Mix together the vinegar, garlic, mustard, cumin, salt and pepper to taste, bean liquid and olive oil. Stir the vinaigrette into the beans.

Assembly

1

Taste and adjust the seasonings. Serve the salad from a large bowl or earthenware pot, or if using the greens, line a big salad bowl or platter, or individual plates with the salad greens. Give the beans a stir, pile them onto the greens, and serve.
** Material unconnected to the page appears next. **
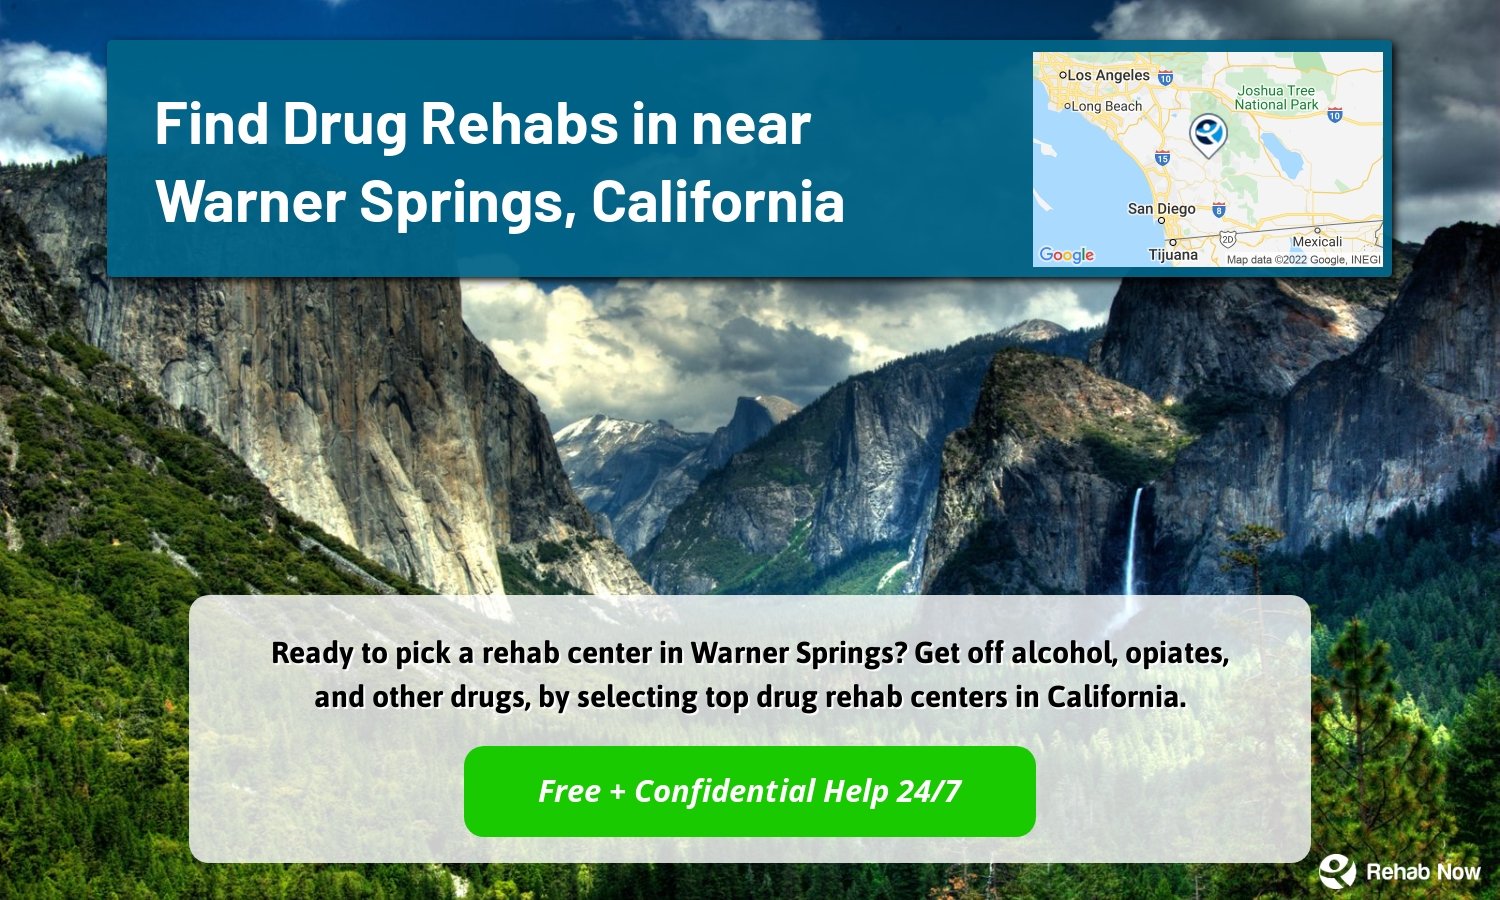 Ready to pick a rehab center in Warner Springs? Get off alcohol, opiates, and other drugs, by selecting top drug rehab centers in California.

Although I usually use black-eyed peas for this salad, you could also make it with black beans or pintos, or a combination. The beans in their marinade will keep for 5 to 7 days in the refrigerator, but if you aren’t serving them right away, add the cilantro just before serving. If you make the salad with black beans or pintos, you will have to soak the beans, and the cooking time will be longer--about 1 1/2 to 2 hours. To make this with canned beans, use 4 cans of beans, and substitute olive oil for the bean broth. Drain and rinse, and proceed with the salad instructions. If you’re serving the salad warm, add the red and green bell peppers and cilantro. If serving it cold, allow the beans to cool slightly and refrigerate them, 2 to 3 hours. Shortly before serving, stir in the bell peppers and cilantro.